§ HOW TO COMPLETE THIS TASK: The copy should begin at the line containing "I made a poster" and end with the last line below, every line exact and no picture included.

§ GIVEN INFORMATION:

<<<<

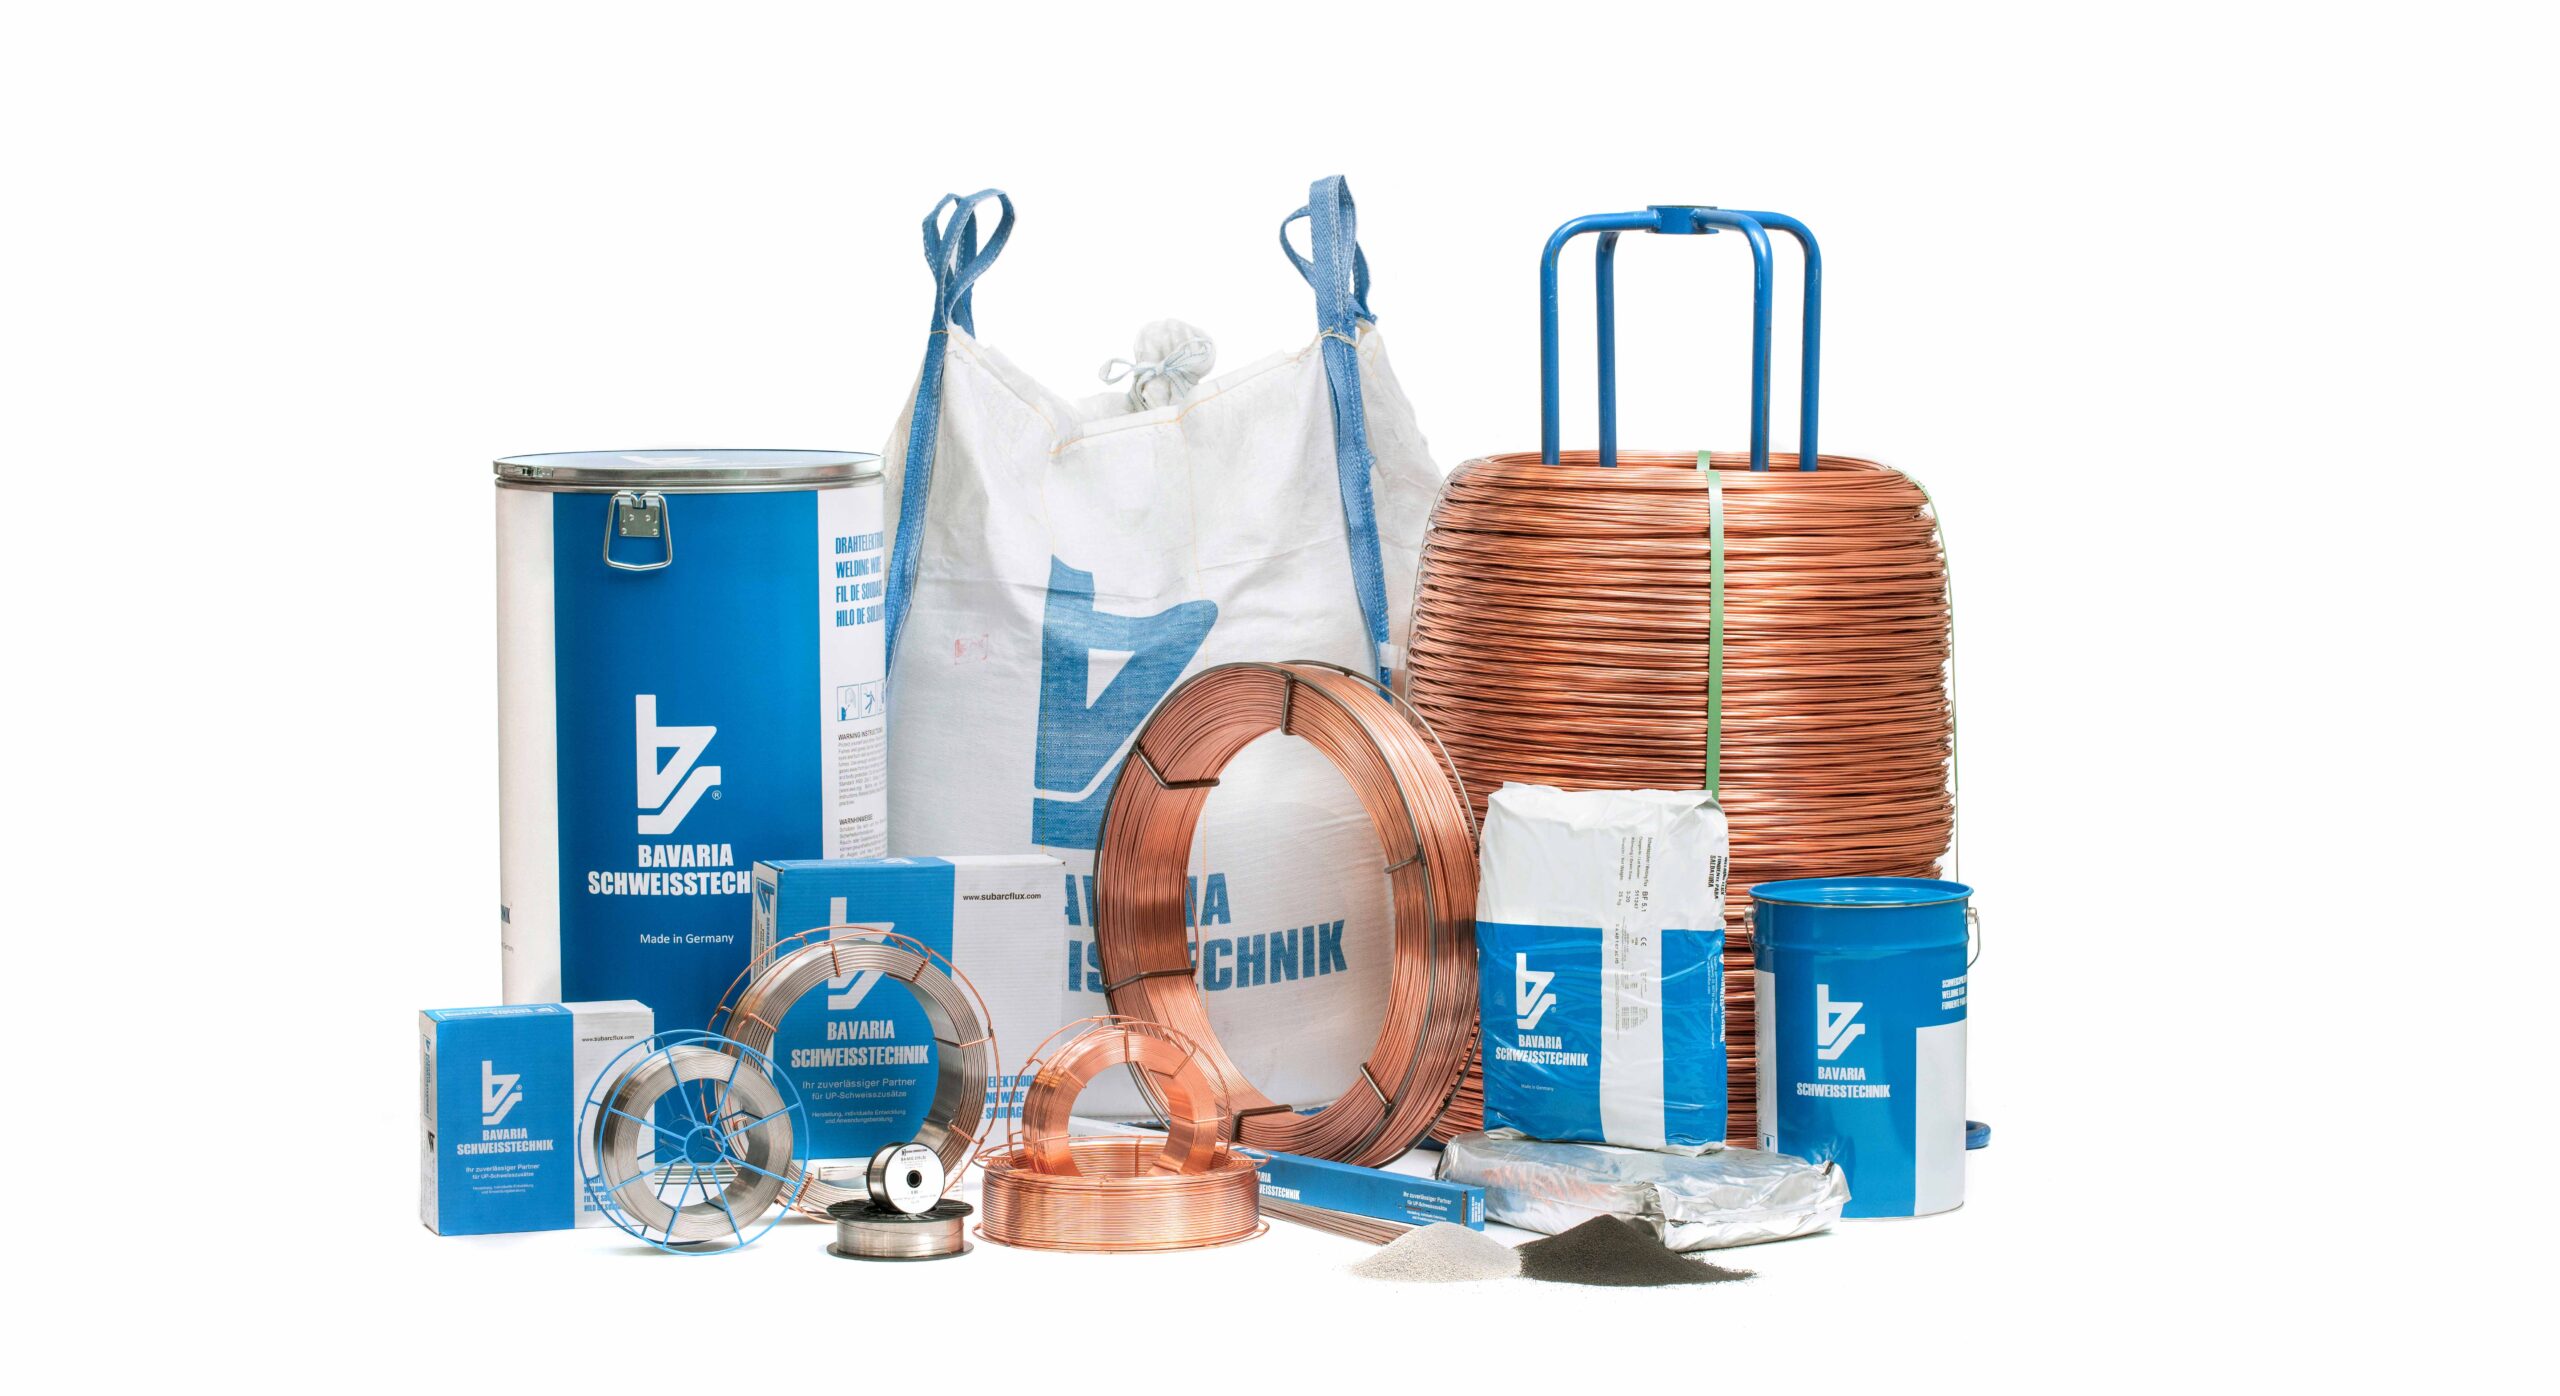 The image shows our customer's product overview, consisting of welding flux and wires, which were created as part of the product shoot that we implemented as an agency.
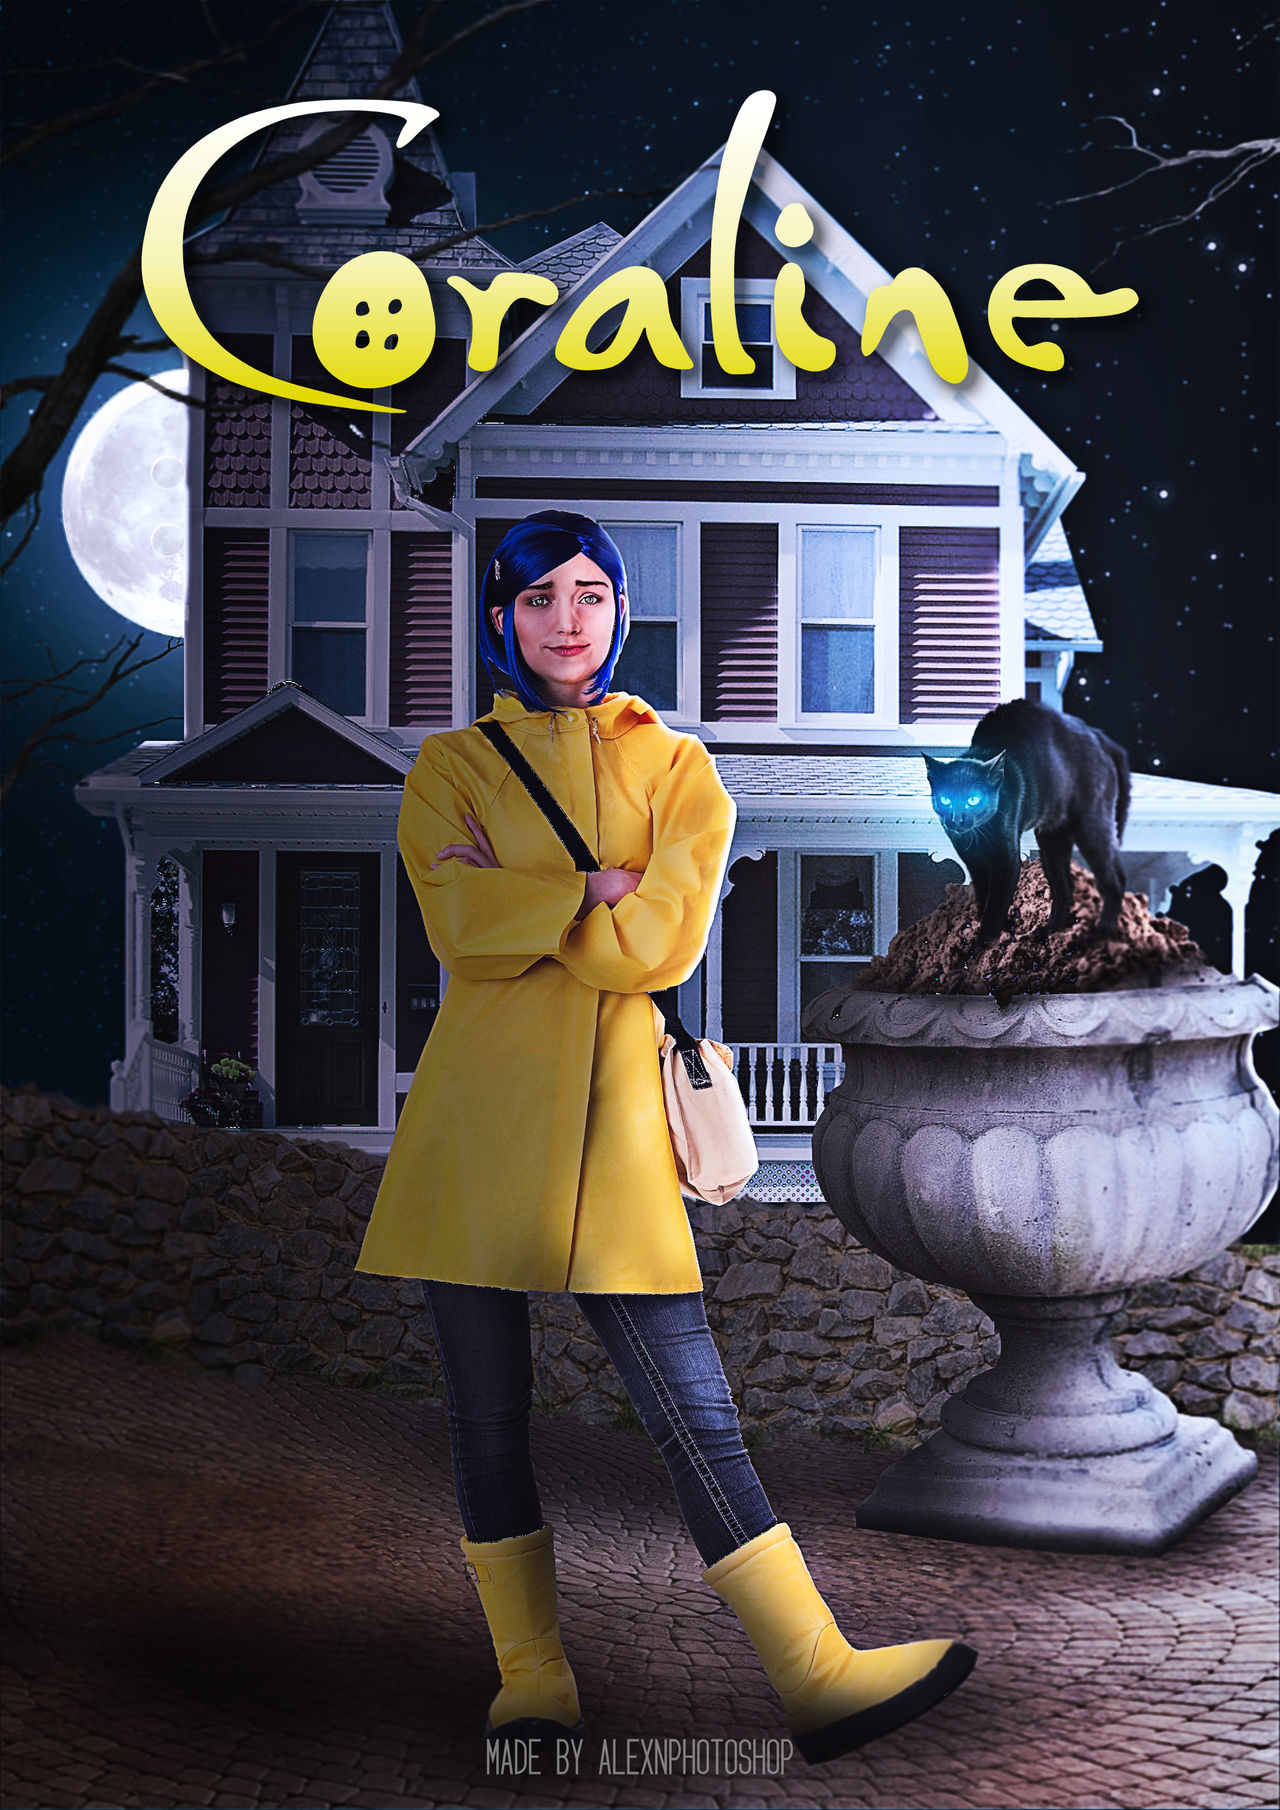 I made a poster for the Coraline movie by Spencie5 on DeviantArt
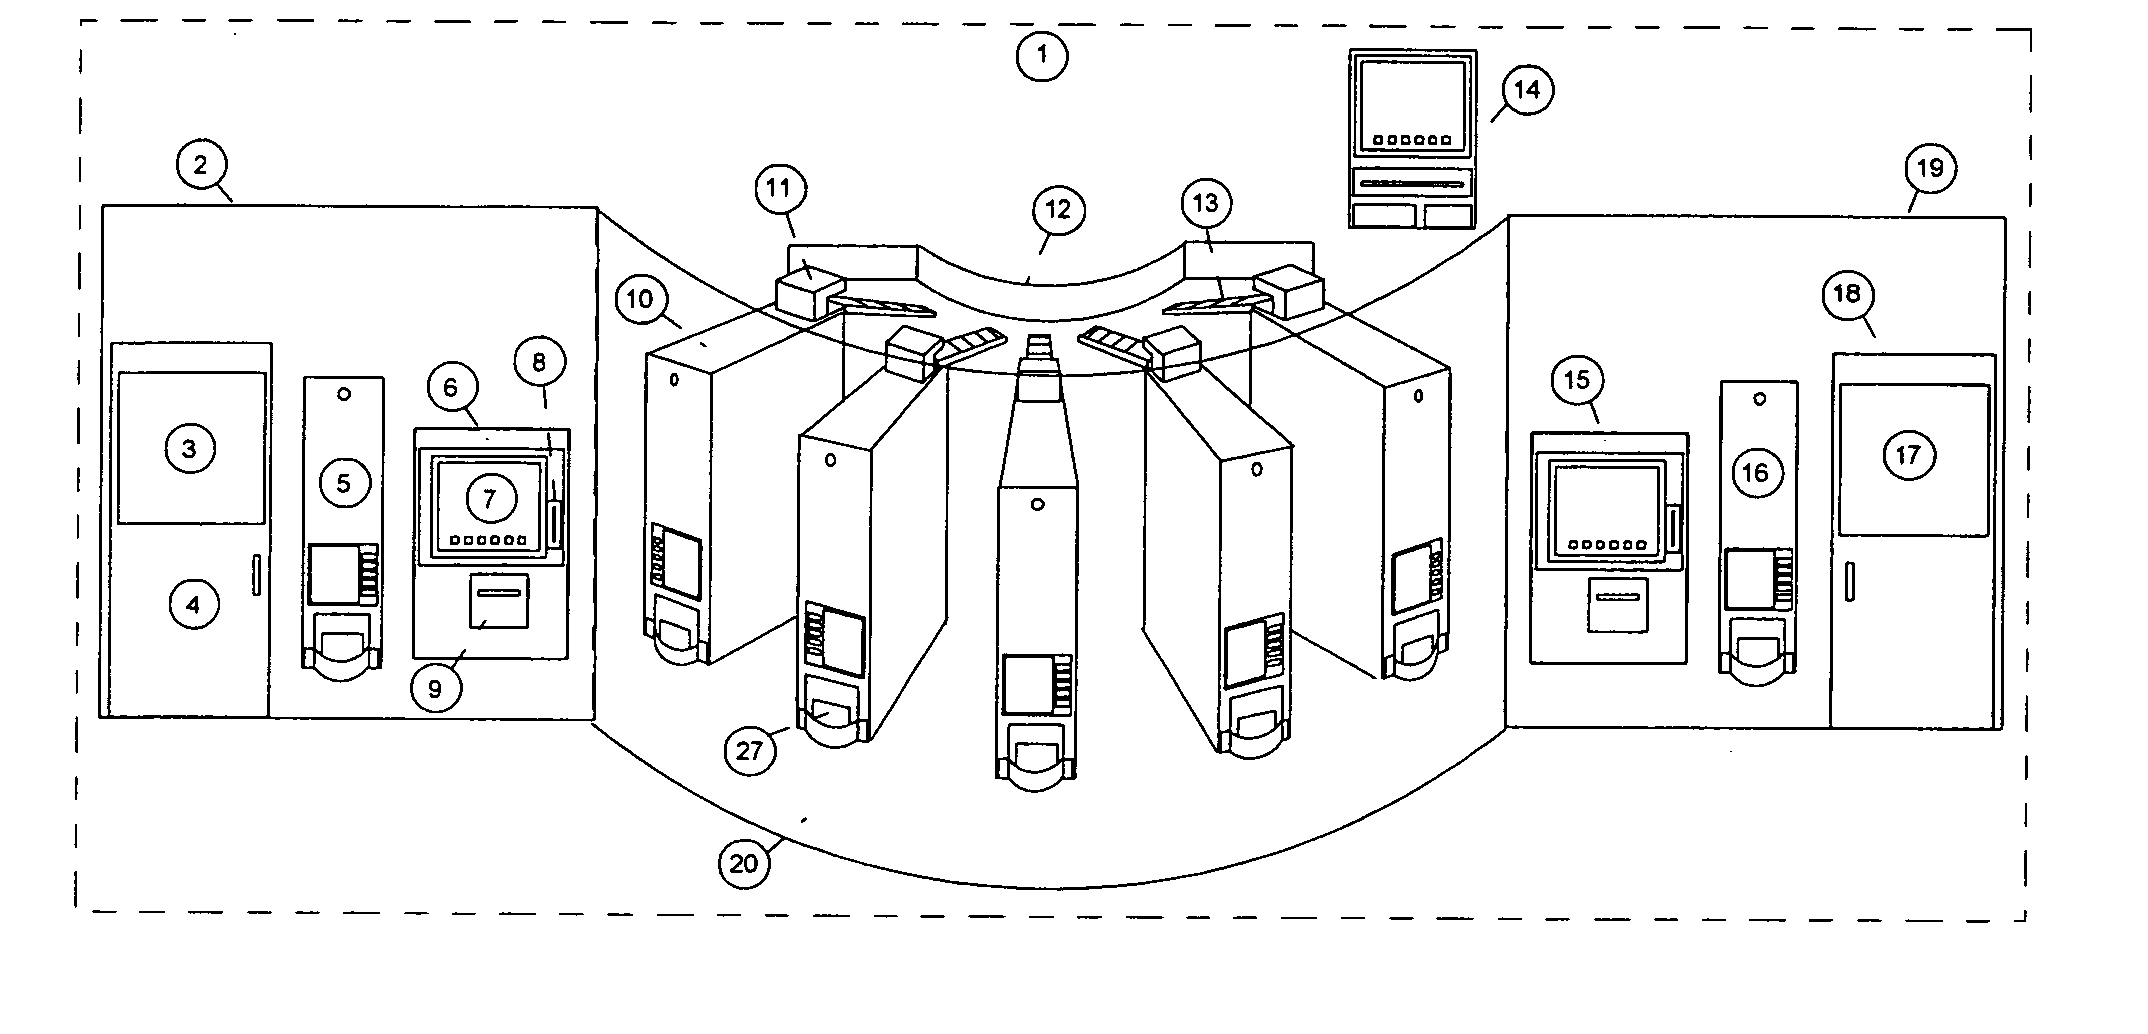 Automatic distributed vending system

>>>>

§ REPLY TO THE EXERCISE:
 I made a poster for the Coraline movie by Spencie5 on DeviantArt
 Automatic distributed vending system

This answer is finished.